Lisbon’s street-smart art

A thriving graffiti scene is revitalizing rundown districts

Antonio Jiménez Barca
Graffiti artist Jaime in front of a mural outside Lisbon's Júlio de Matos psychiatric hospital.
Graffiti artist Jaime in front of a mural outside Lisbon's Júlio de Matos psychiatric hospital. francisco seco

In Lisbon's Mouraria neighborhood, the painter and anthropologist Lorenzo Bordonaro has decorated some of the streets with artistic compositions revolving around keys and locks that have lain abandoned for over 20 years. It is a kind of everyday archeology: Bordonaro has also rescued plates, spoons, old photographs and glass bottles from a disused local factory, and with them managed to save entire walls of this rundown district.

It is one of the many examples of a strong artistic discipline in the Portuguese capital: street art, which, occurring away from the museums, goes in search of its public instead of waiting for them to come to it.

In the case of Bordonaro, City Hall is also helping him out - not just by providing funds, but also by giving the necessary permission for him to work.
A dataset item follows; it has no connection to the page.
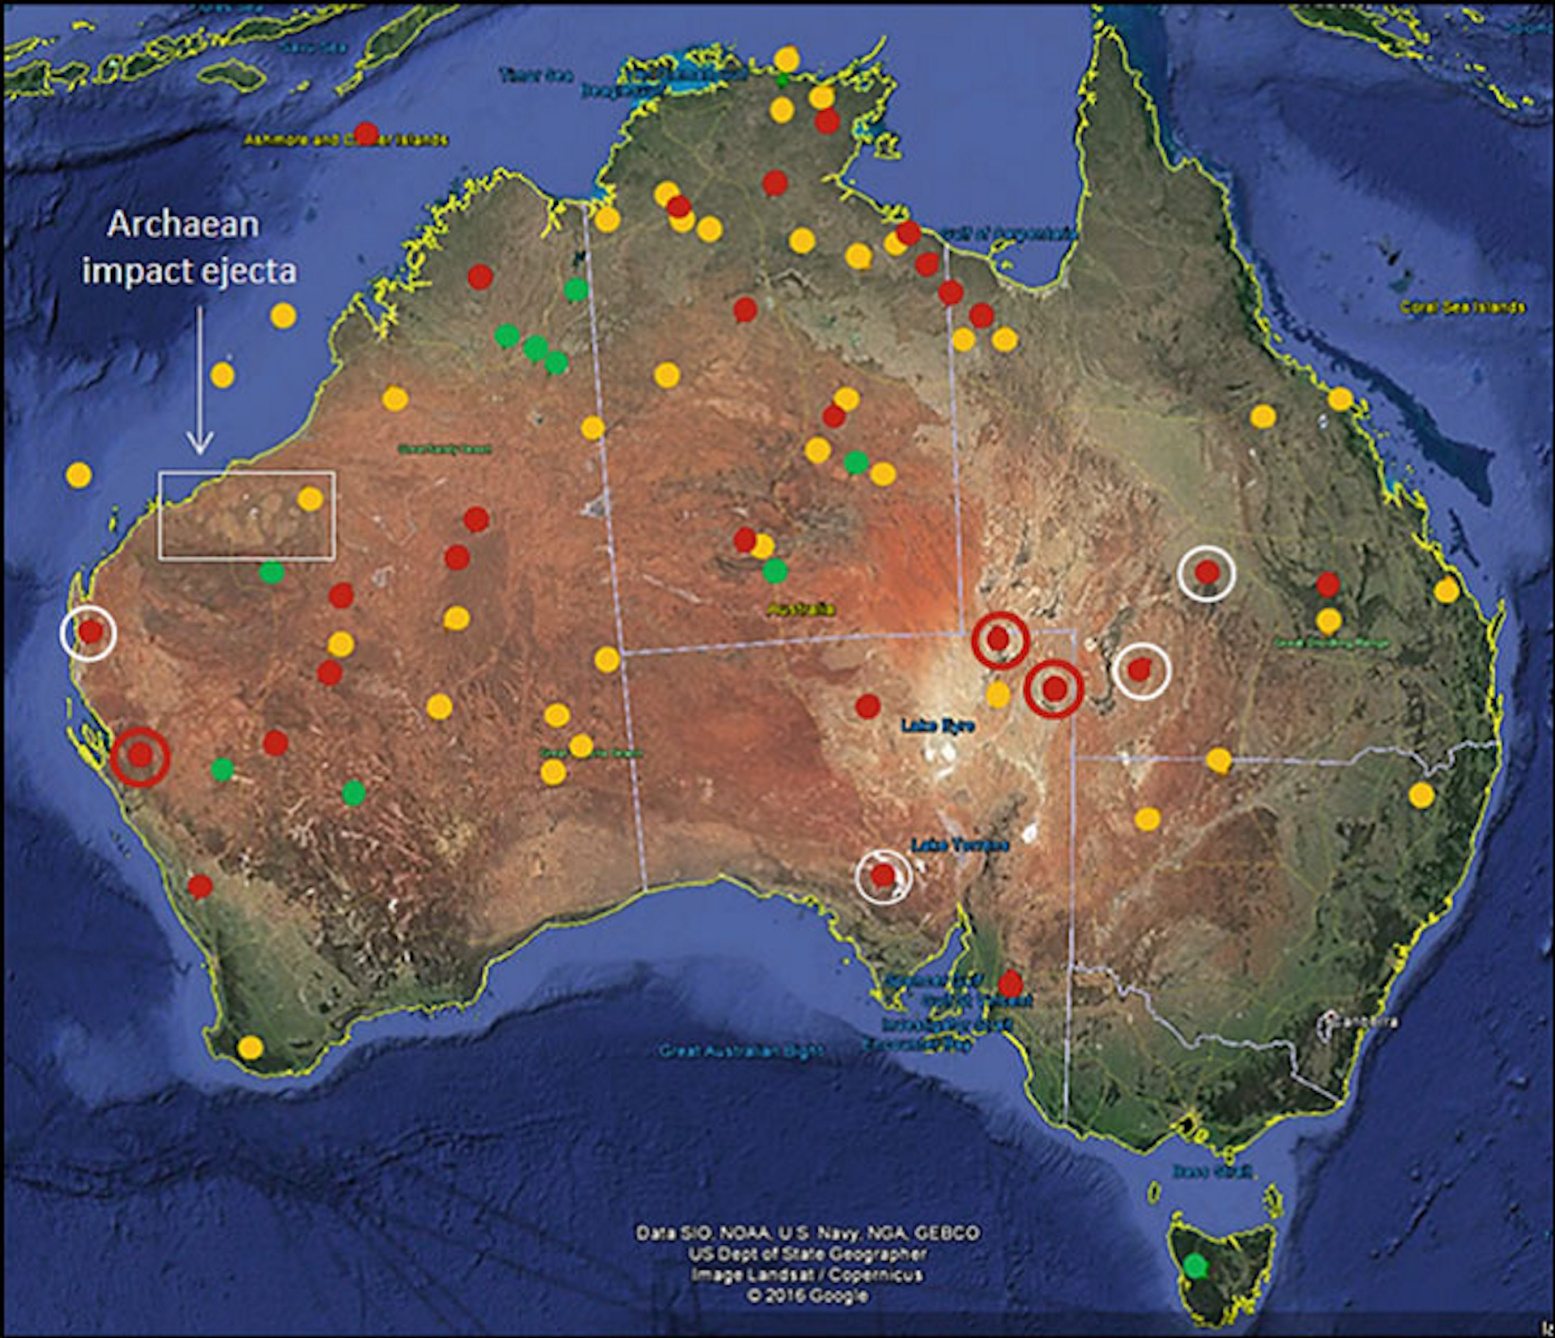 Бұл карта Австралия континентінде және теңізде белгісіз, ықтимал немесе ықтимал әсер етудің айналмалы құрылымдарының таралуын көрсетеді. Жасыл нүктелер расталған соққы кратерлерін білдіреді. Қызыл нүктелер ені 100 км-ден асатын расталған соққы құрылымдарын білдіреді, ал ақ шеңберлердегі қызыл нүктелер ені 50 км-ден астам. Сары нүктелер ықтимал соққы құрылымдарын білдіреді.

He says he found some of the objects in lockers abandoned by the factory workers: "It is unsettling to learn that they were everyday objects that were used on a daily basis. Who used them? When?"

Not far away lies the studio of Camilla Watson, a British photographer in love with Lisbon who is the author of a series of photographs of Mouraria's elderly residents. These, too, have been hung along the area's streets — the very same walls against which they were photographed — and the result is a moving artistic tribute to a unique neighborhood via its inhabitants.

But the frenzy to fill the city with artworks goes beyond Mouraria. Since May several trains on the Lisbon-Cascais light-rail network have also become picture galleries. Covering the train windows without blocking out the light are prints by artist Alexandre Farto, aka Vhils, famous here for his impressive murals that make use of cracks and breaks in walls.

At the same time Lisbon City Hall's dynamic cultural heritage department is on the lookout for the optimum sites for street artists to fill with their paintings. Thus there are now whole buildings, façades, walls and sidewalks that are legally decorated with creations by some of the world's leading graffiti artists, all brought here by city authorities. Right now work is underway on the two kilometers of wall that surrounds the Lisbon Psychiatric Hospital. Over 30 artists have participated in the project and the results are simply spectacular: pictures come one after the other, like an enormous comic, along the highway, with some guidebooks already including it as one of the must-see spots for street art in the city.